Step 3: Choose margin of error
  • ±10%: very fast, very rough. Great for early direction.
  • ±5%: common, balanced. Good for public-facing survey claims.
  • ±3%: more precise, often used in serious polling. Requires much larger samples.
  • ±1–2%: highly precise, typically expensive in time or money.
Step 4: Use population size only when it’s real

Population size is helpful when the total group is limited and known (a roster, a customer list, a batch). If you’re sampling “future visitors” or “the internet”, leave it blank.

Step 5: Pick p or σ intelligently

For proportions, if you have no clue, use p = 0.5. If you have a prior estimate (say your conversion rate is usually ~8%), use p = 0.08. This can reduce the required sample size, but be careful: if your guess is wrong, you might under-sample.
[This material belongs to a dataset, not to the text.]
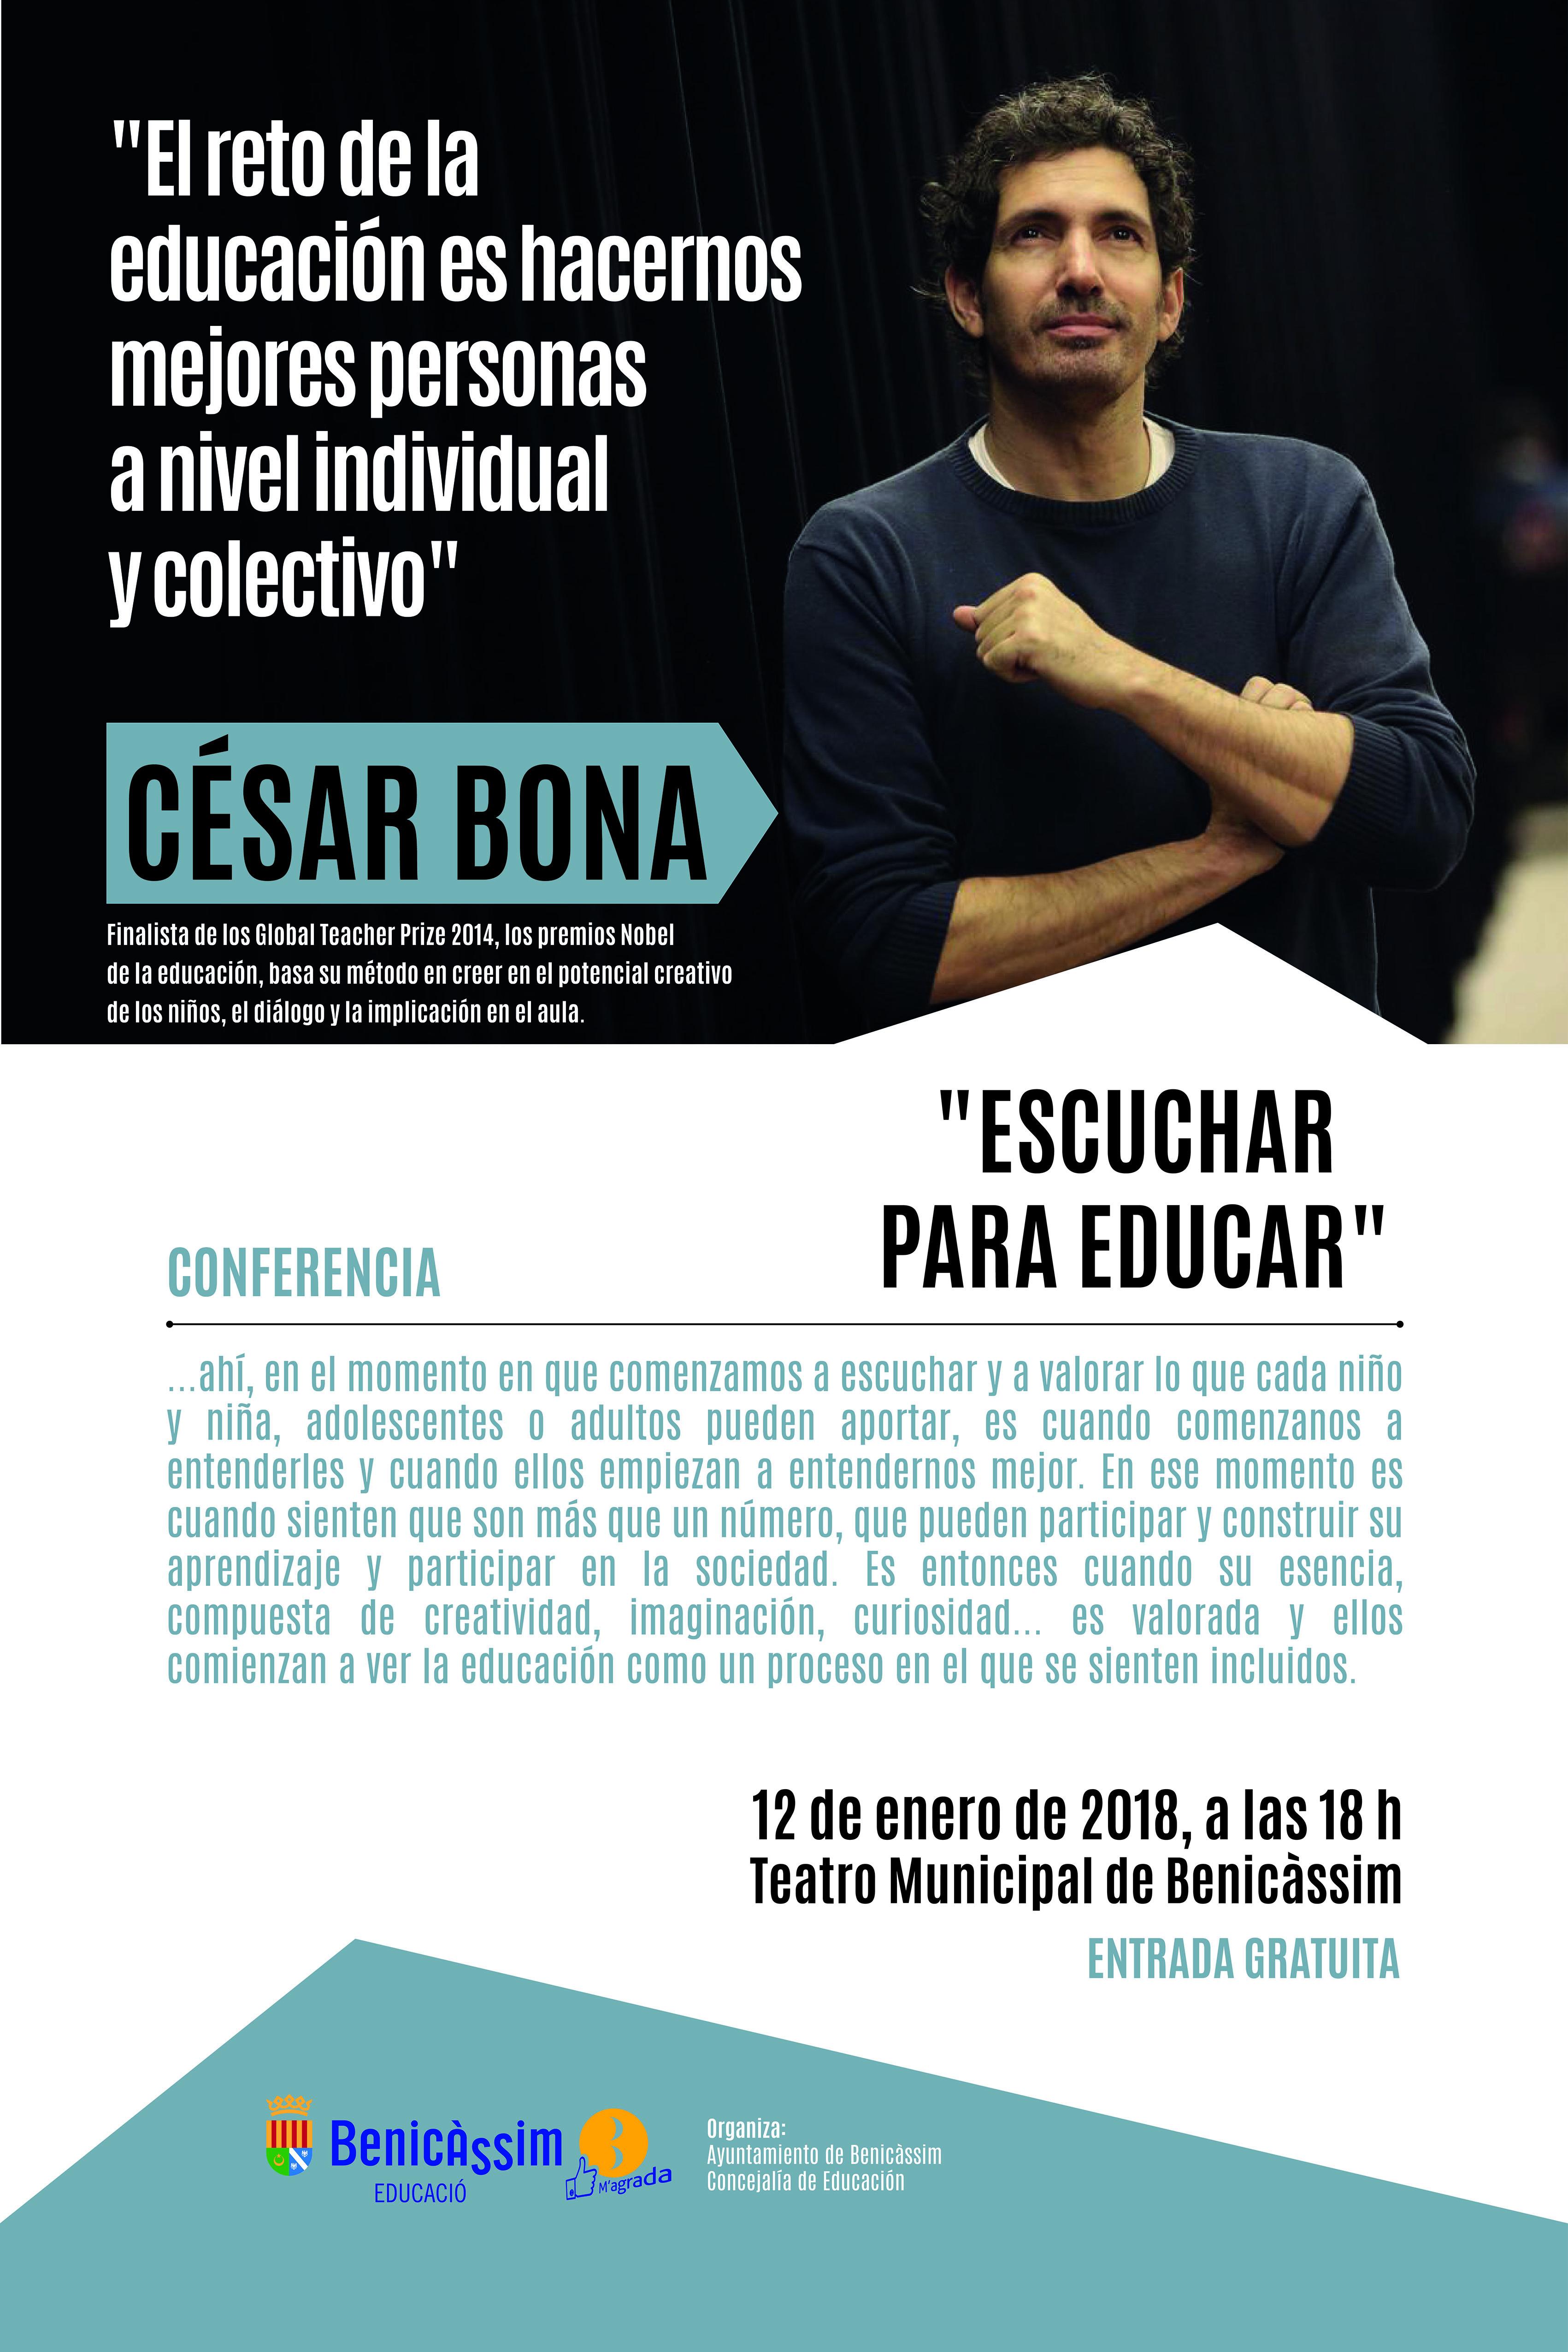 """Conferencia """"Escuchar para educar"""" con César Bona"""

For means, σ matters a lot. If you don’t know σ, take a small pilot sample (like 20), compute the sample standard deviation, then use that to plan the full study.

❓ FAQ

Sampling Calculator FAQs

  • Why do I keep seeing “385” as the sample size?

    Because for a proportion with unknown p (use 0.5), 95% confidence, and ±5% margin of error, the formula gives n ≈ 384.16, which rounds up to 385. It’s the standard “default survey” number.

  • Does population size change the sample size a lot?

    Only when the population is small. If N is huge, the correction barely moves. If N is a few hundred or a few thousand, finite population correction can noticeably reduce n.

  • What if I don’t know the expected proportion (p)?

    Use p = 0.5. It’s “worst-case”, meaning it produces the largest recommended sample size for a given margin of error and confidence level. That’s the safe option.

  • Is this the same as power analysis for A/B tests?

    Not exactly. A/B test planning usually depends on statistical power and the minimum effect you want to detect. This tool is perfect for rough planning and survey-style estimation, but power analysis is more specific.

  • Can I use this for quality control sampling?

    Yes for approximate planning. If you’re doing regulated QC or acceptance sampling, your industry may require specific sampling plans (like ANSI/ASQ standards).

  • What’s the difference between “percent points” and “percent”?

    Margin of error here is in percent points. If you estimate 40% with ±5%, your interval is 35% to 45%. That’s ±5 percentage points (not “±5% of 40”).

MaximCalculator provides simple, user-friendly tools. Always treat results as educational estimates and double-check any important study design decisions.